Очевидно, что любая инвестиция начинается с бизнес-плана. Бизнес-план начинается с прогноза стоимости проекта. Сколько стоит строительство, предприниматели умеют считать. Неизвестно, во что обойдется земля. Чтобы ответить на этот вопрос, инвестор должен год бродить по кабинетам.

Появившаяся возможность покупать землю под приватизированными предприятиями и для застройки не вызвала пока у инвесторов особого энтузиазма. И дело не столько в политических причинах, связанных с шаткостью соответствующей законодательной базы, сколько в экономическом механизме, вынуждающем инвестора платить за землю не только втридорога, но и более.

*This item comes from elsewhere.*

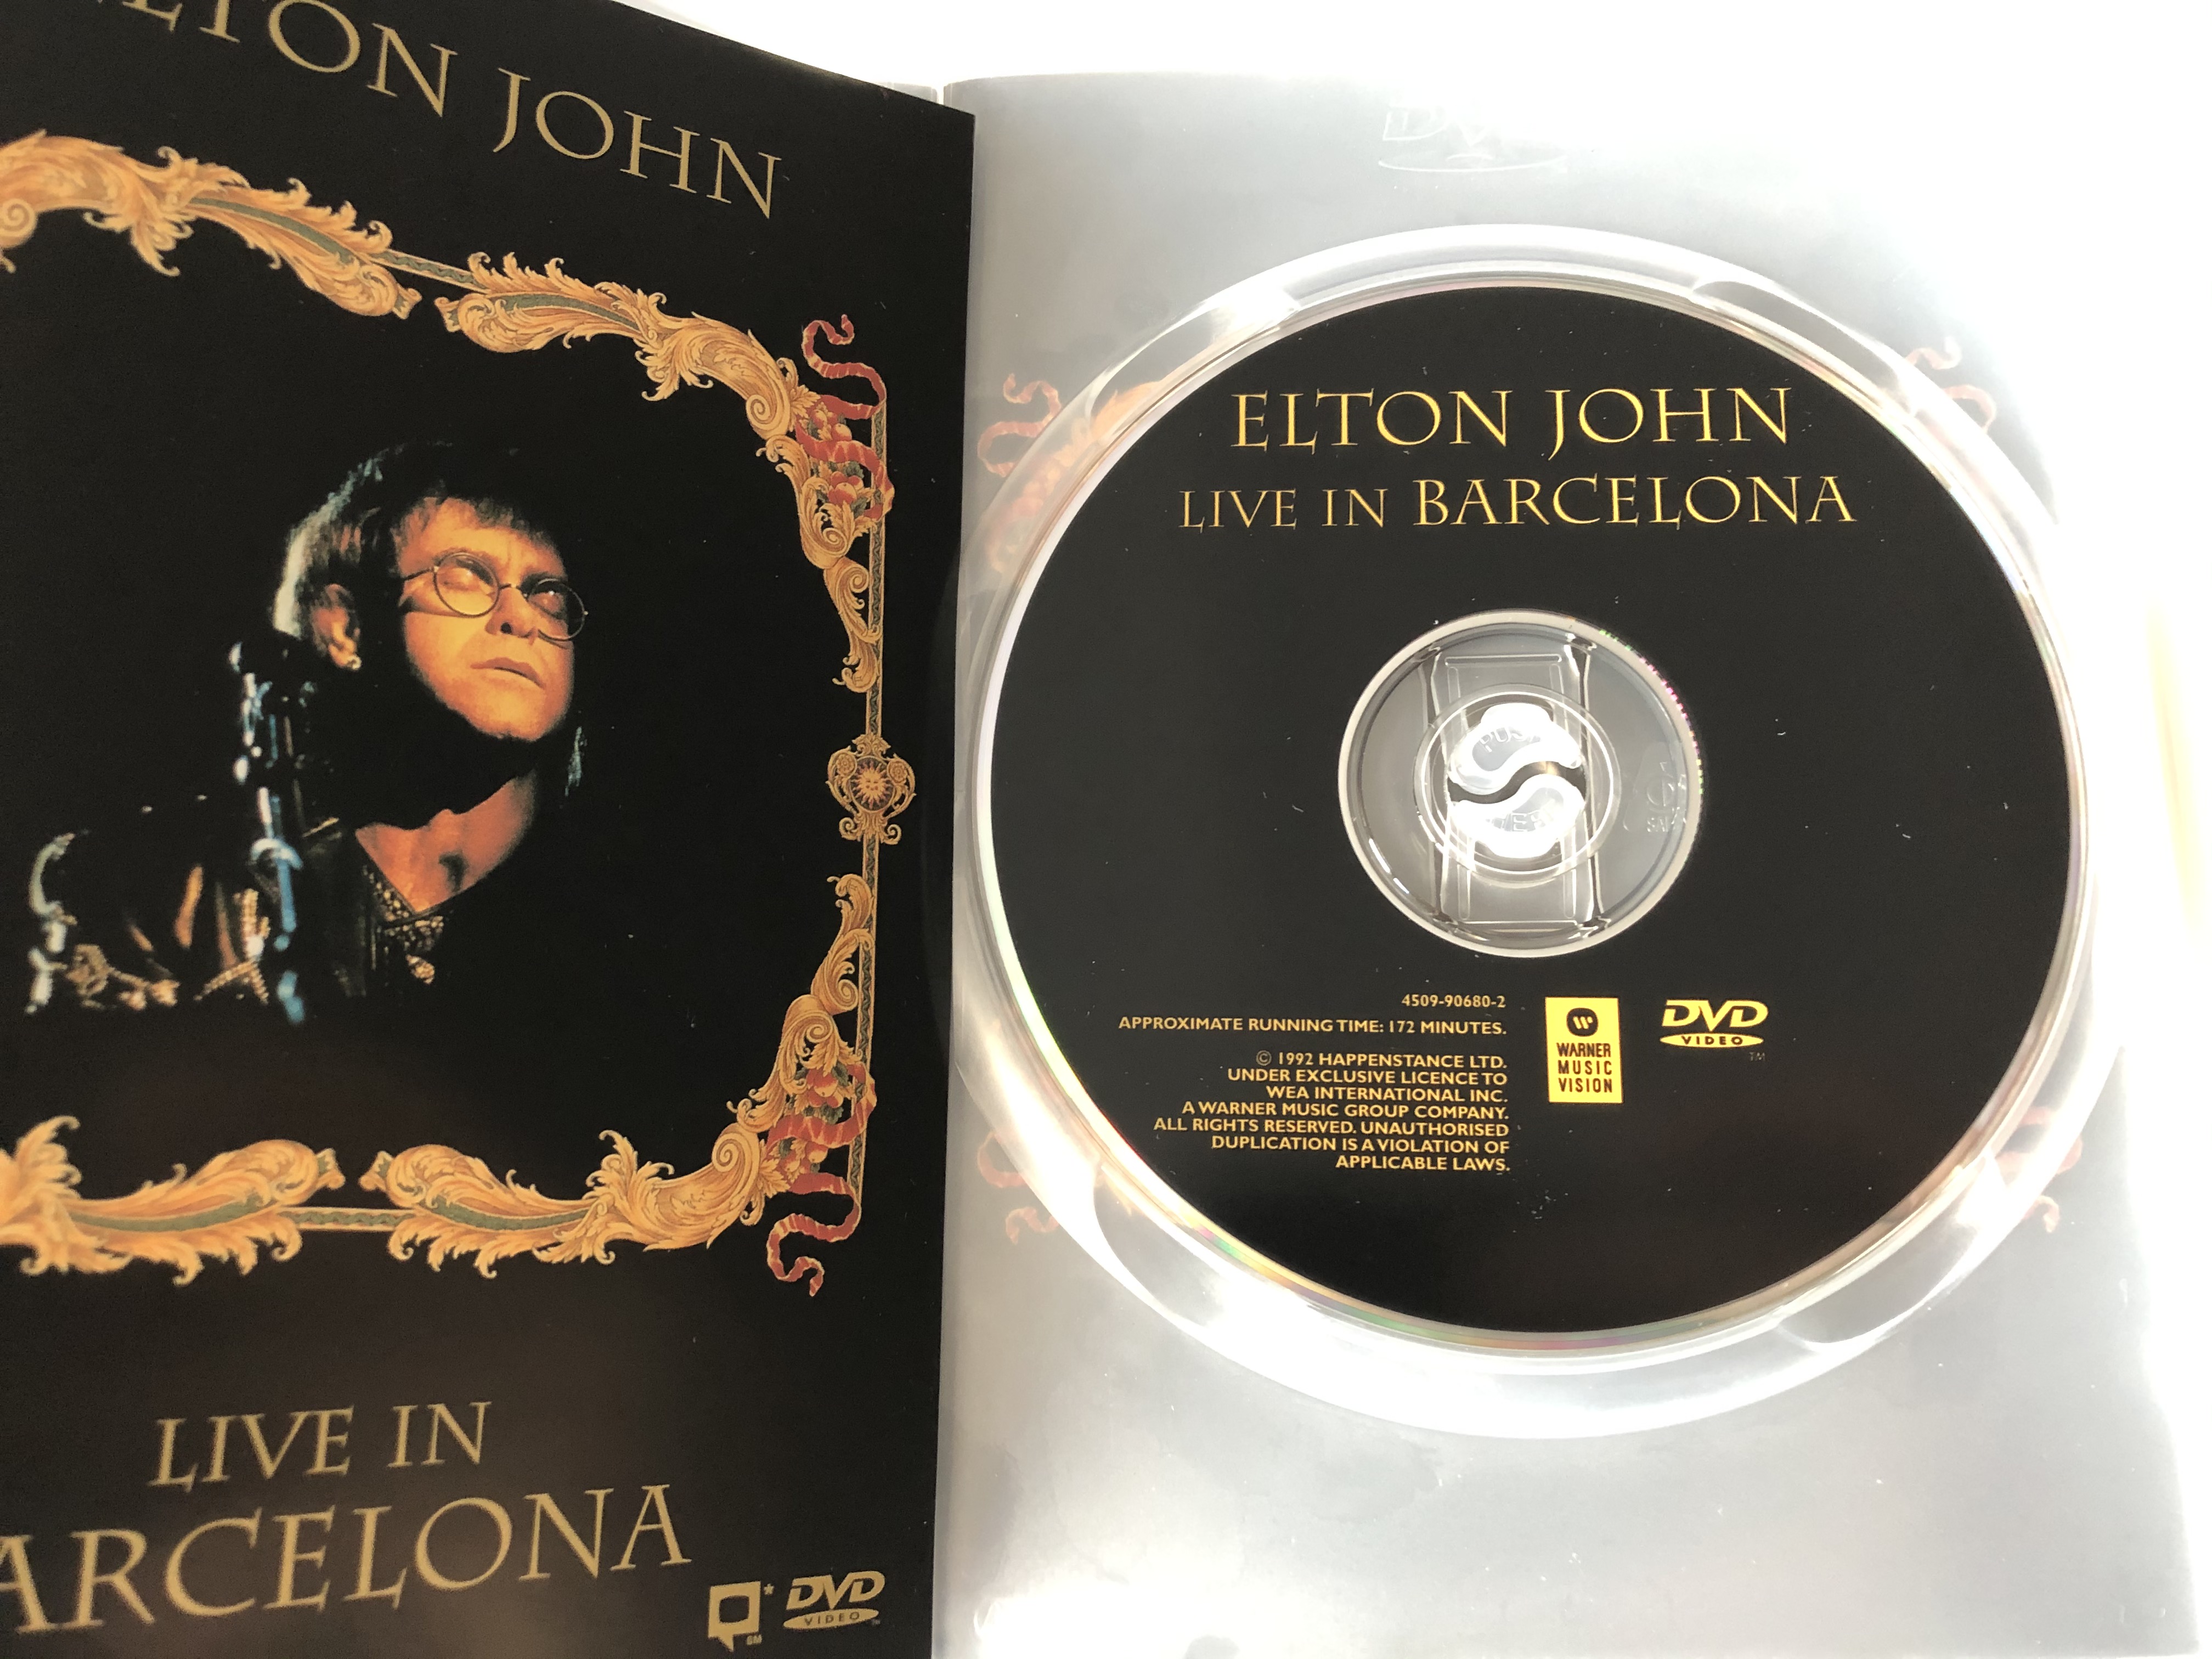 Elton John DVD 1992 Live in Barcelona / Don't let the Sun go down on me,  I'm Still Standing, The Last Song, Sacrifice / Bonus 52 min documentary -  bibleinmylanguage

Первый раз вы платите, когда покупаете здание. По существующей методике его оценка зависит от места расположения, то есть косвенно включает в себя и цену земли. Заметим, что когда принималась эта методика, такой подход был совершенно логичен, ибо земля не продавалась, и другого способа учесть ее стоимость не было. Теперь земля стала продаваться, а в подходах к оценке ничего не изменилось. Эту цену вы можете узнать достаточно быстро.

Второй раз вы платите, когда выкупаете землю. Здесь со скоростью сложнее. Для начала вы должны внести аванс — 15% кадастровой денежной оценки земли. Только после этого производится ее экспертная оценка, то есть называется цена, и начинается сбор согласований.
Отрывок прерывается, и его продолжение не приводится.